Give the listing again character for character, but drop the images.

━━━ Information provided ━━━

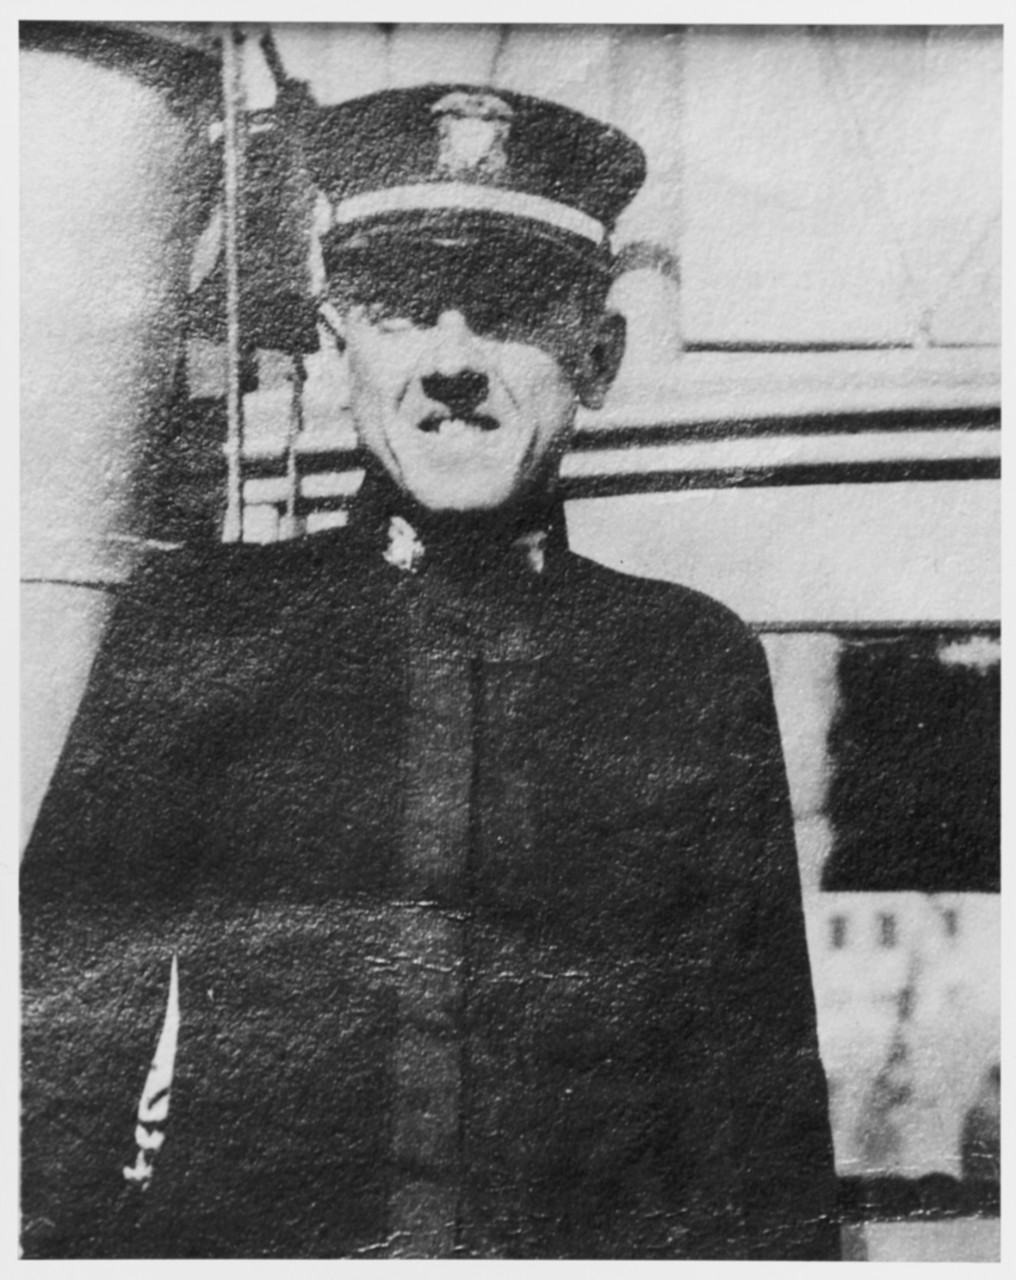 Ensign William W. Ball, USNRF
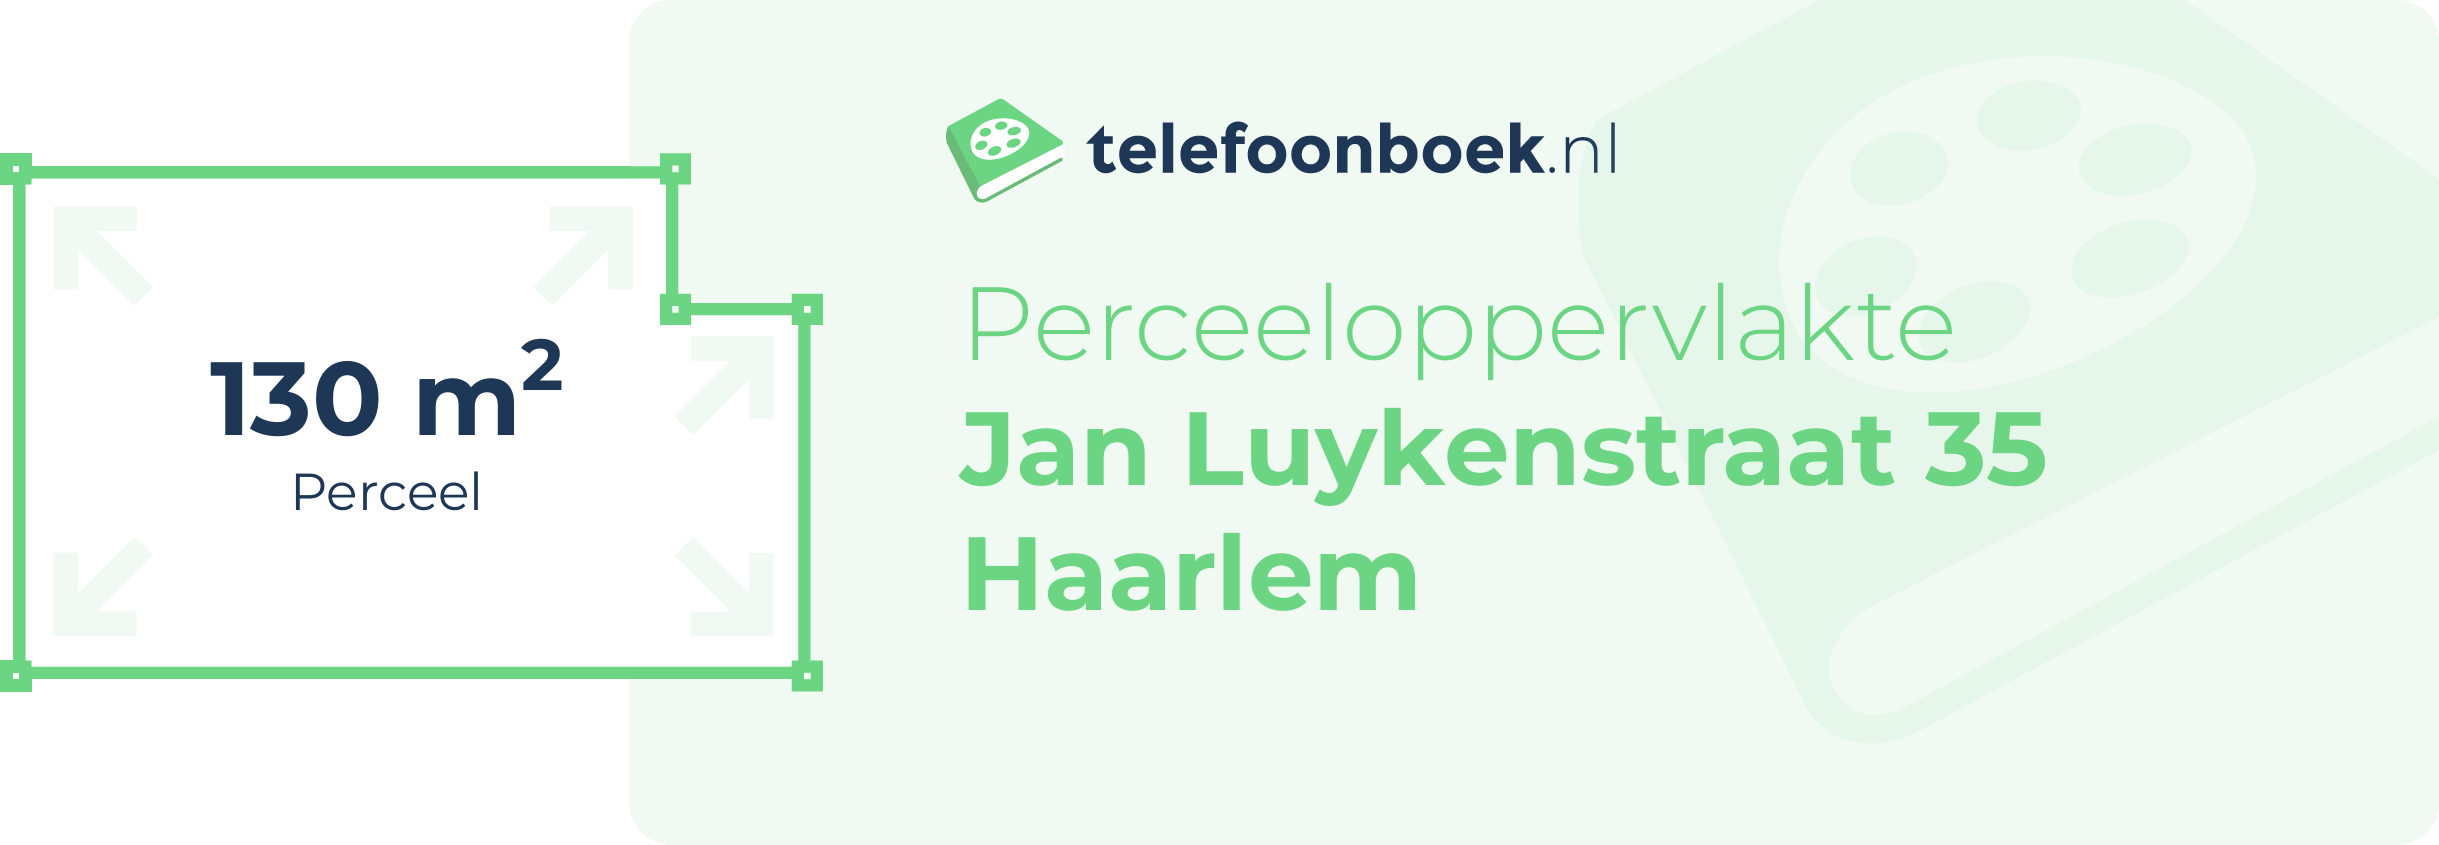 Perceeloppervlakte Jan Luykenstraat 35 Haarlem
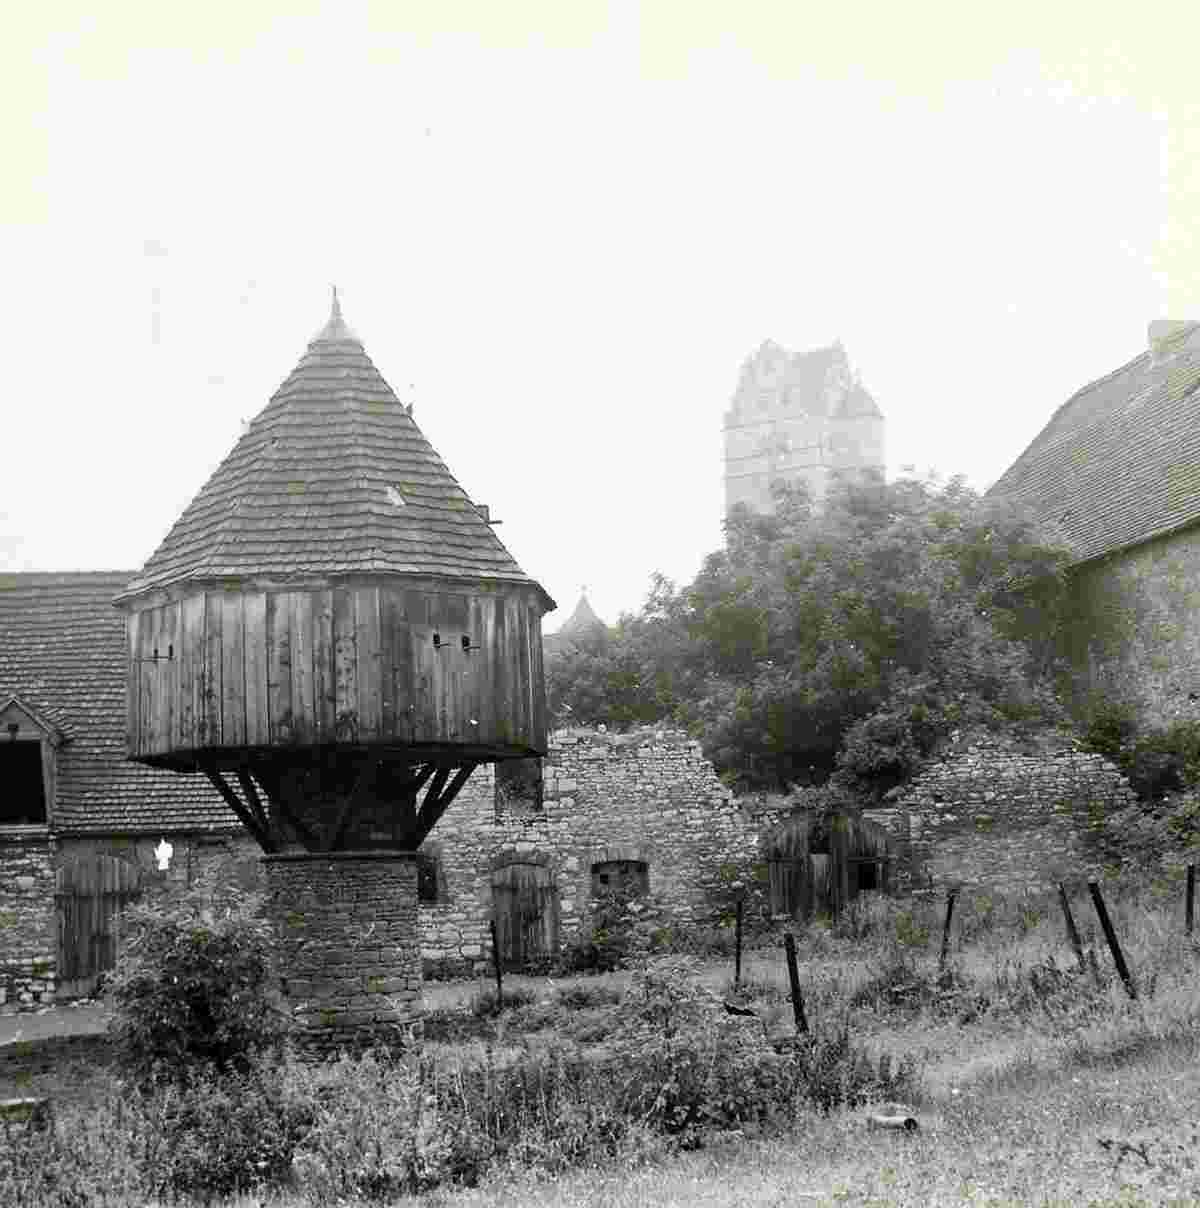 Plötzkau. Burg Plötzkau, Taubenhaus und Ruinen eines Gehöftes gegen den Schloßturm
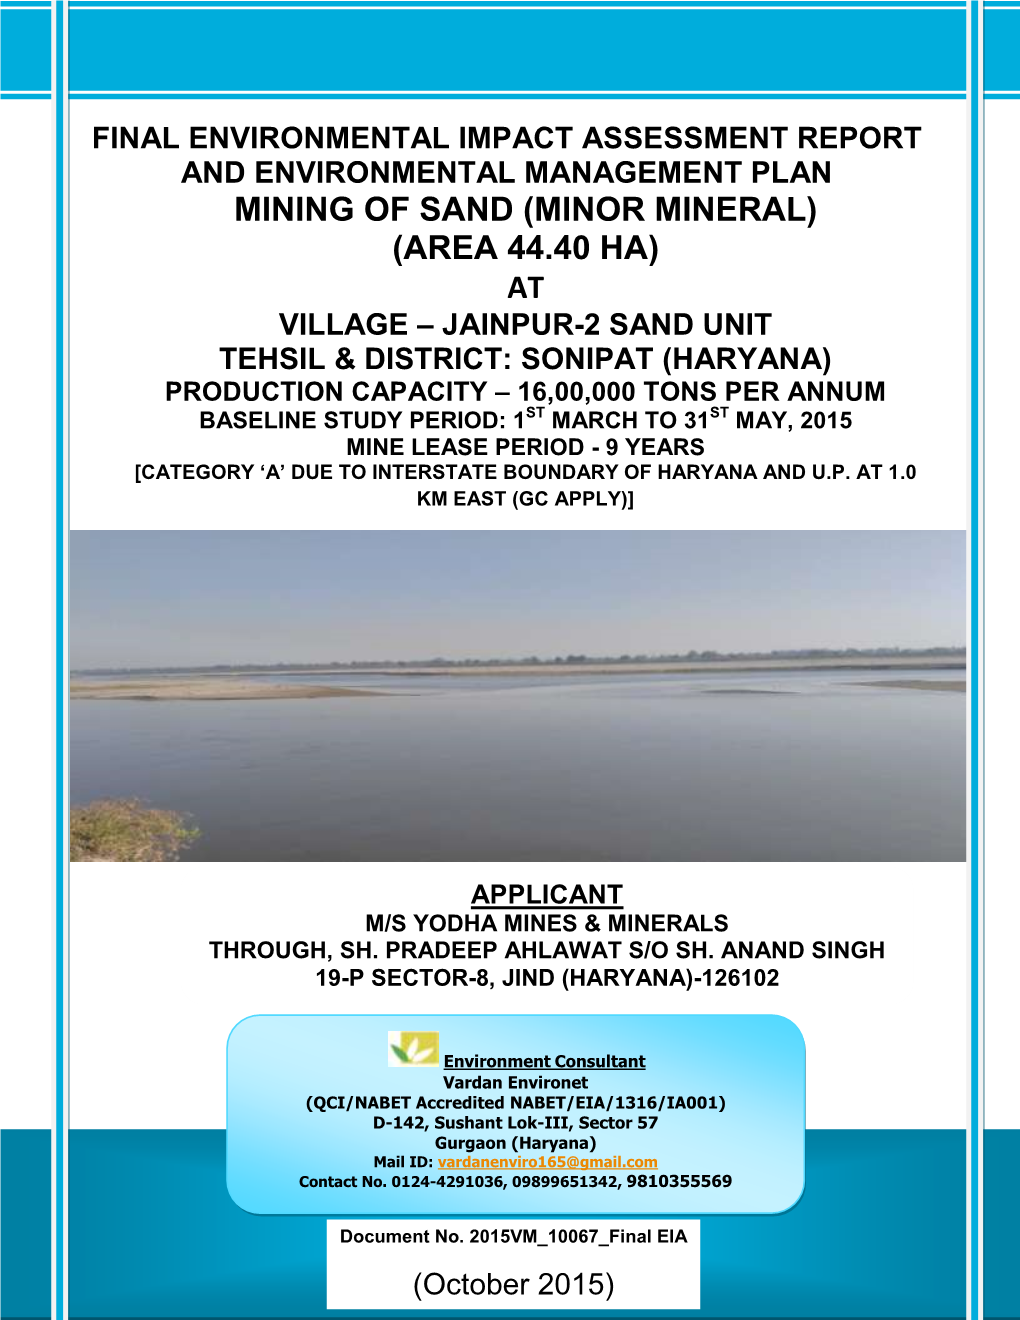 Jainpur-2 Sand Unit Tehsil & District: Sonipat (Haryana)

━━━

▶ **Expected answer**:
 Ensign William W. Ball, USNRF
 Perceeloppervlakte Jan Luykenstraat 35 Haarlem
 Plötzkau. Burg Plötzkau, Taubenhaus und Ruinen eines Gehöftes gegen den Schloßturm
 Jainpur-2 Sand Unit Tehsil & District: Sonipat (Haryana)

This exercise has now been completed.